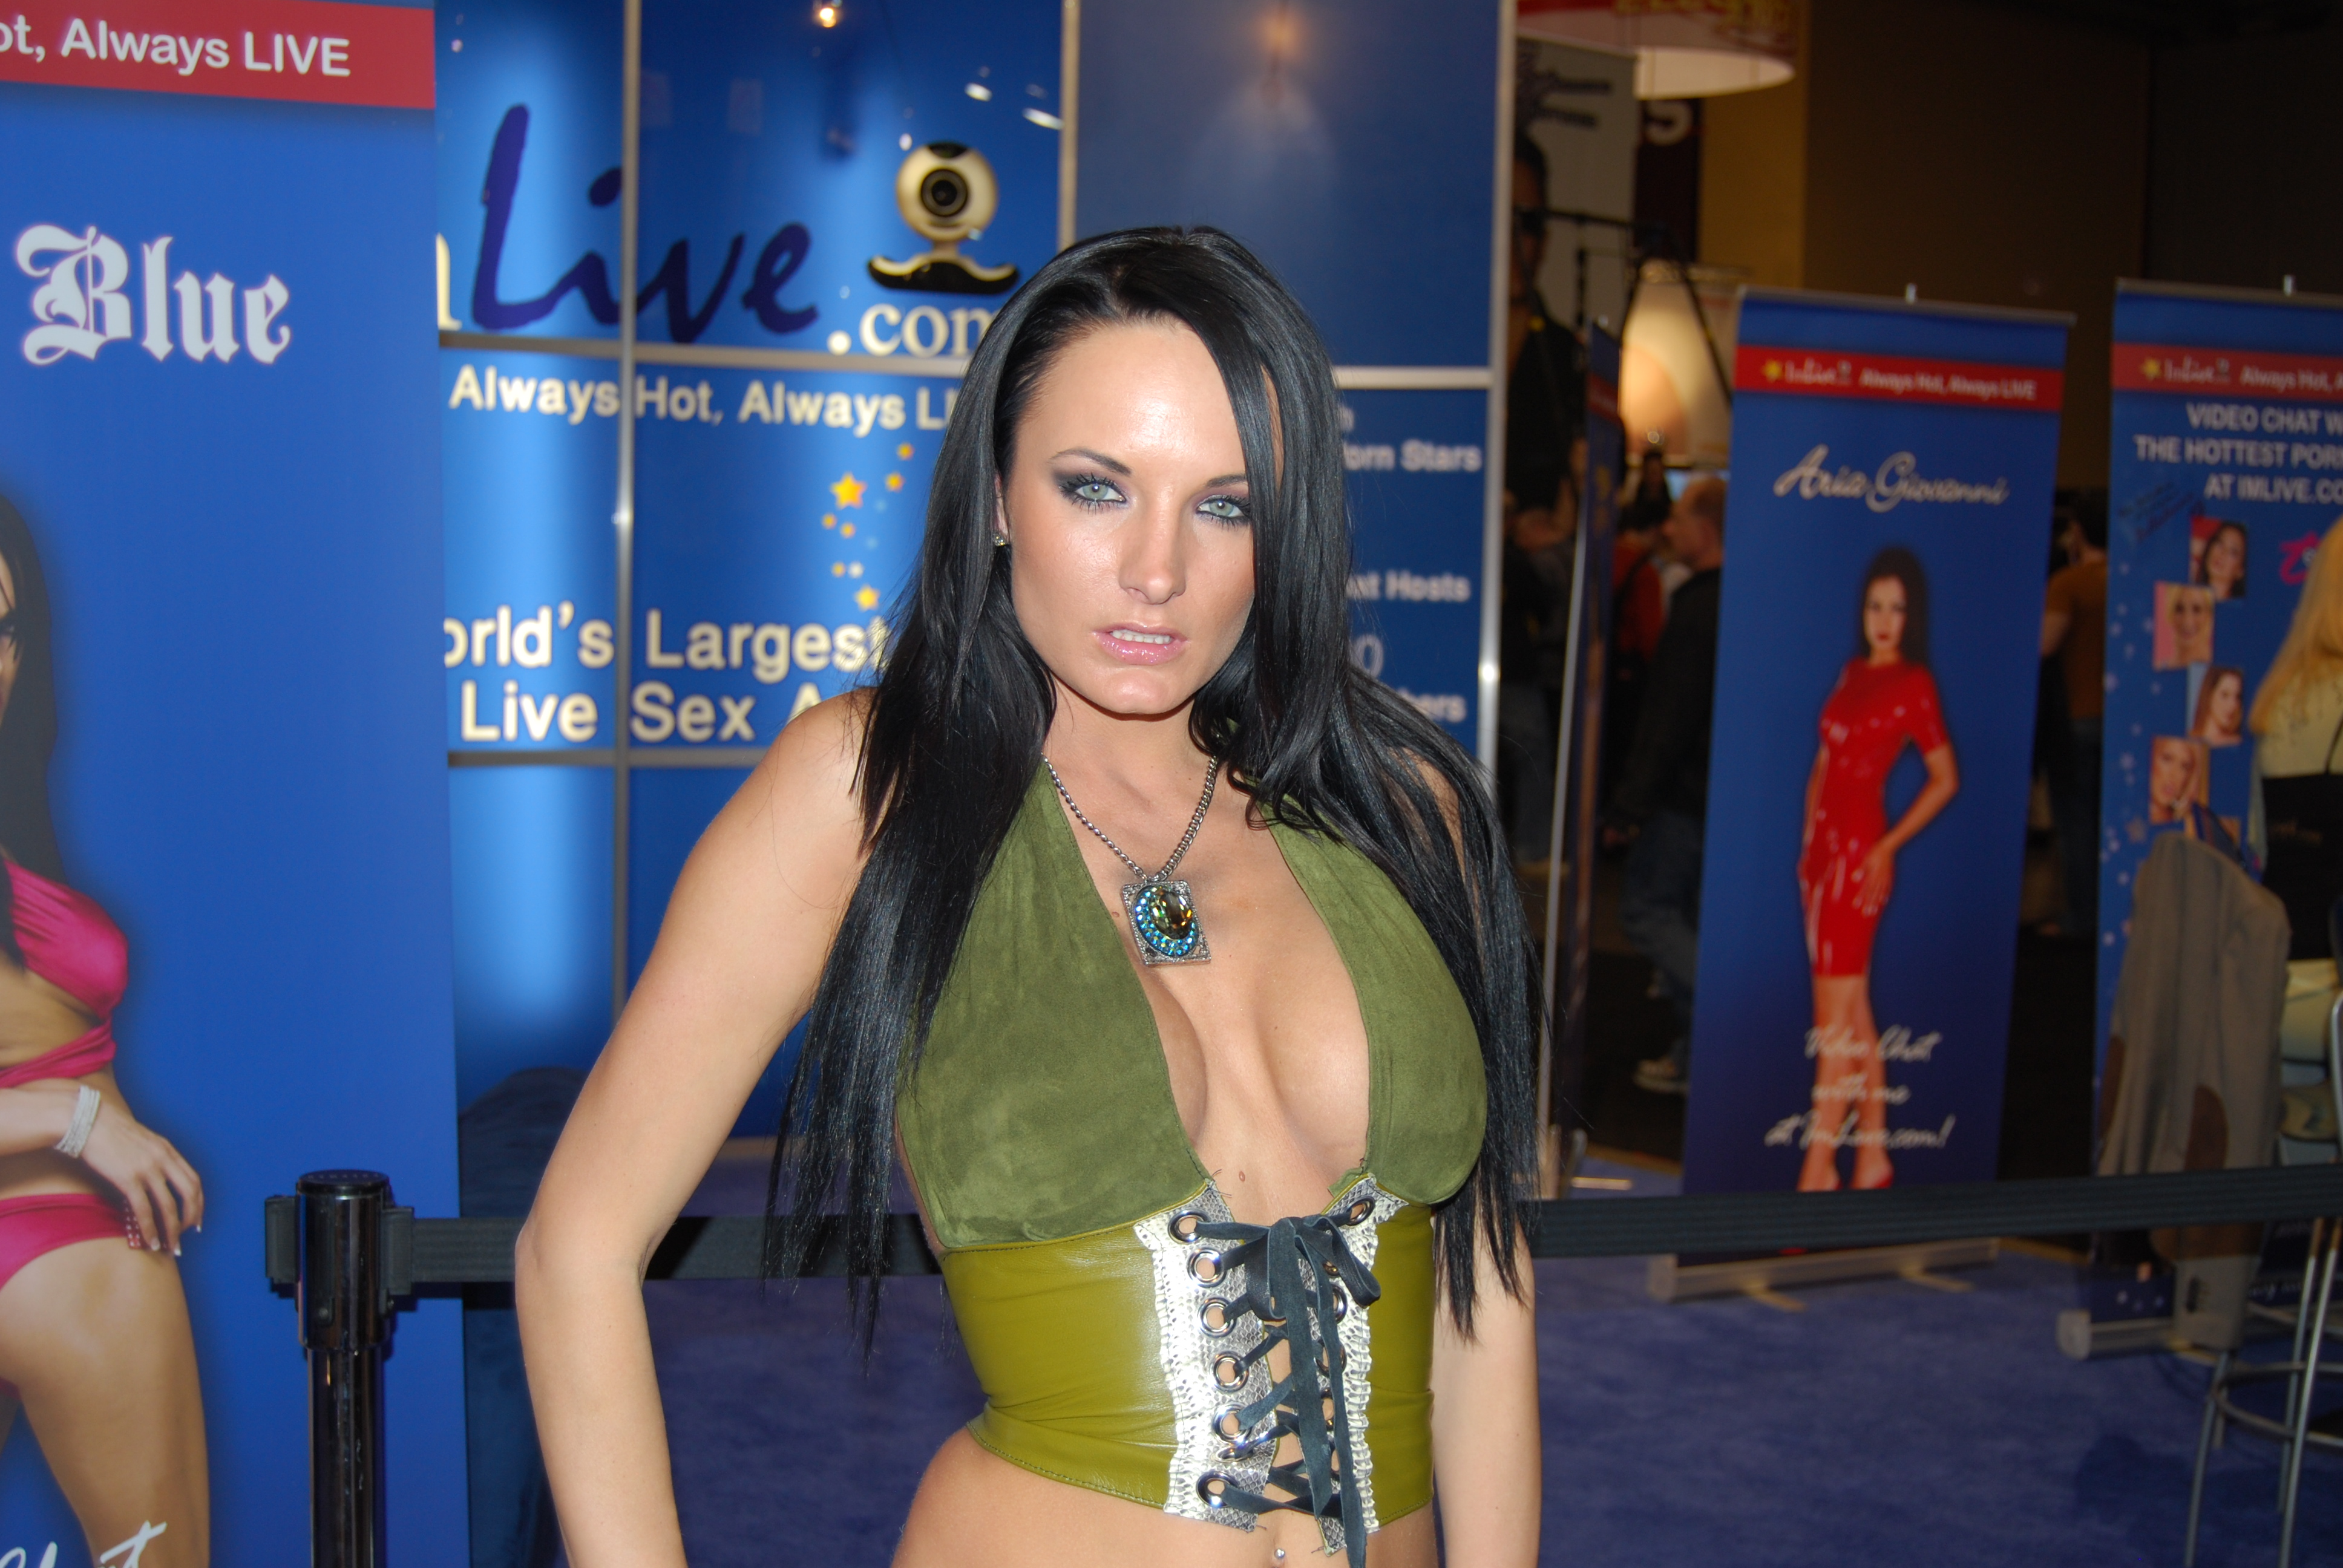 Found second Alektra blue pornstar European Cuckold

==

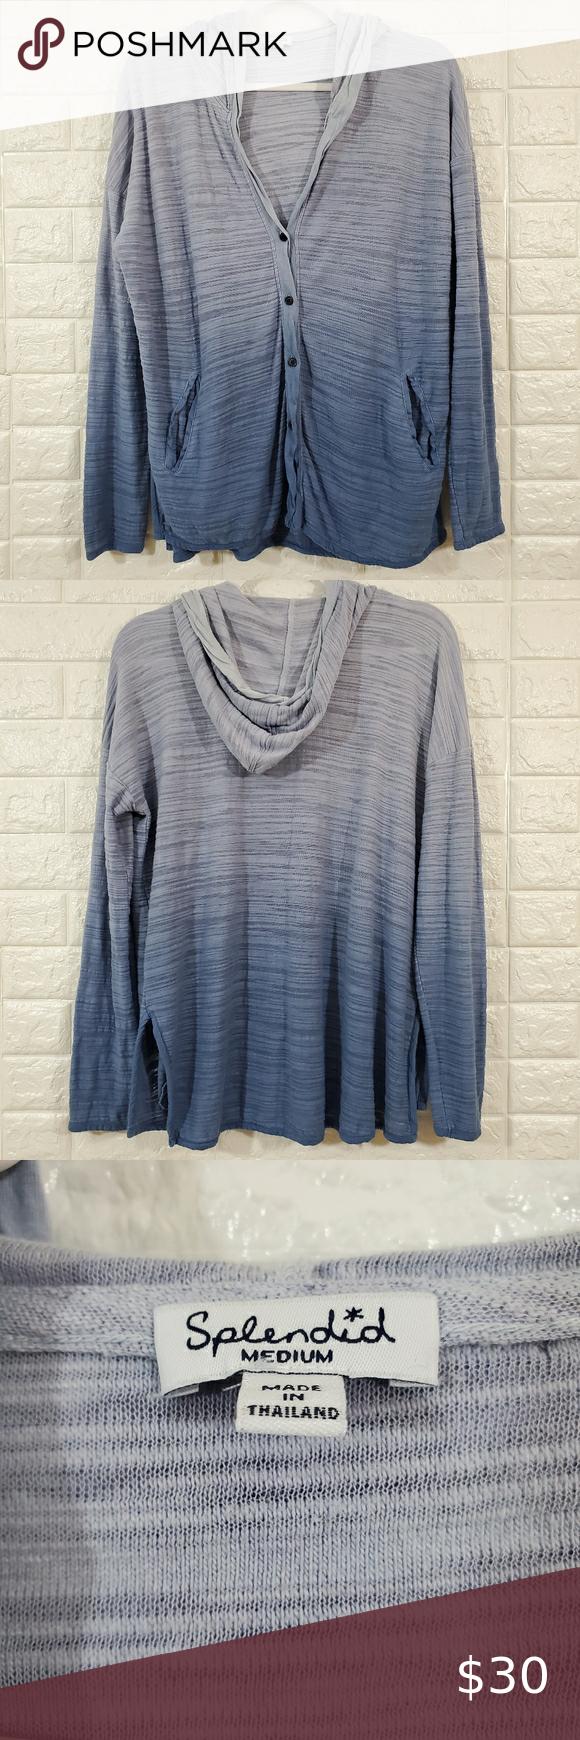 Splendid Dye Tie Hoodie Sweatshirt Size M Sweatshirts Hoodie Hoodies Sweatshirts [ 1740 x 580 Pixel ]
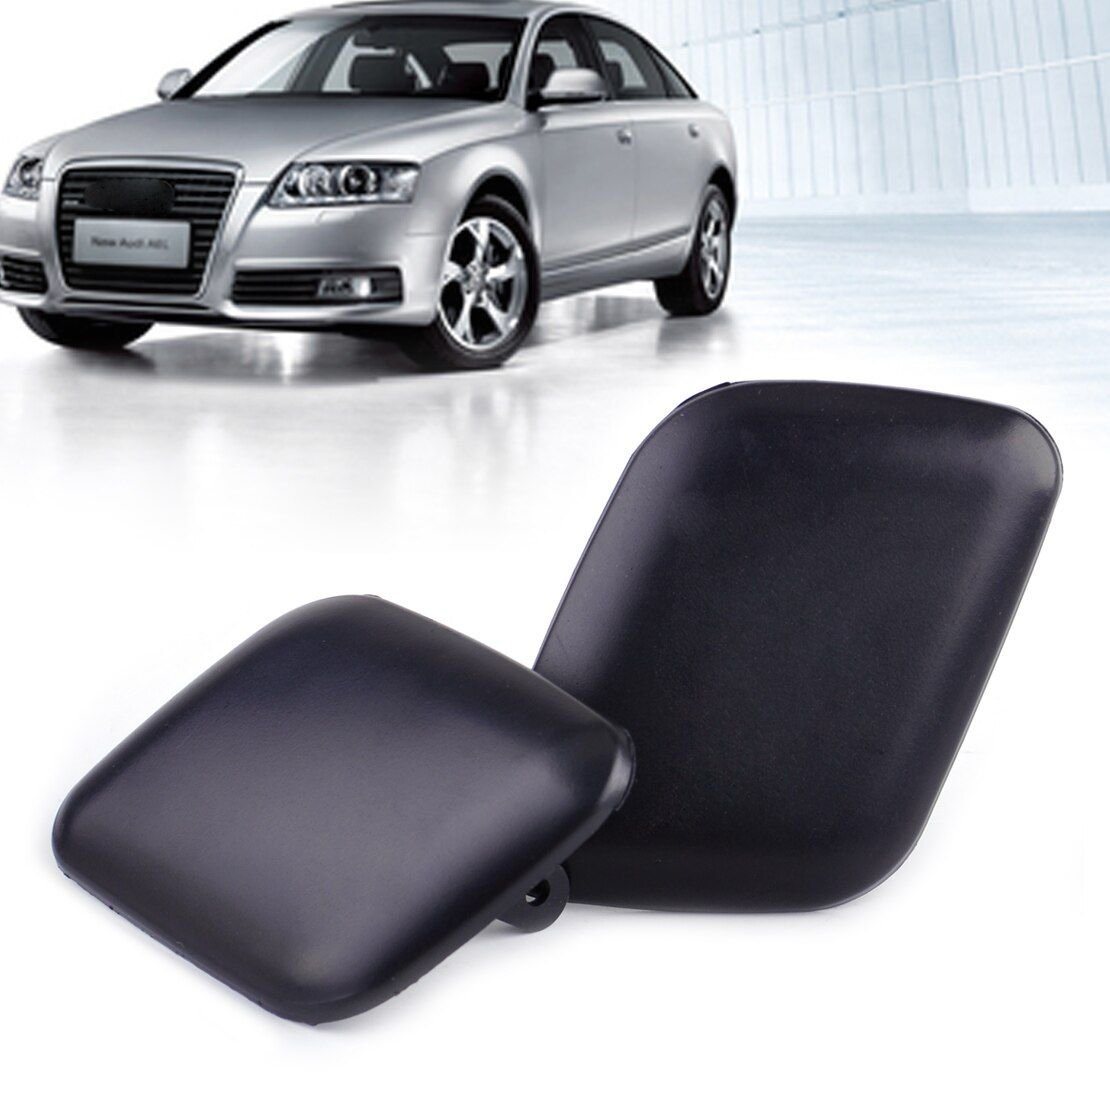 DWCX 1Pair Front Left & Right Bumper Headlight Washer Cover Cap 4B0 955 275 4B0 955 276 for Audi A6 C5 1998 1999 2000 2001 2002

• _Task description_: Within the material above, find the part that opens with the line containing "Splendid Dye Tie" and closes with the line containing "DWCX 1Pair Front", and reproduce it exactly without the pictures.

• _Reply_:
 Splendid Dye Tie Hoodie Sweatshirt Size M Sweatshirts Hoodie Hoodies Sweatshirts [ 1740 x 580 Pixel ]
 DWCX 1Pair Front Left & Right Bumper Headlight Washer Cover Cap 4B0 955 275 4B0 955 276 for Audi A6 C5 1998 1999 2000 2001 2002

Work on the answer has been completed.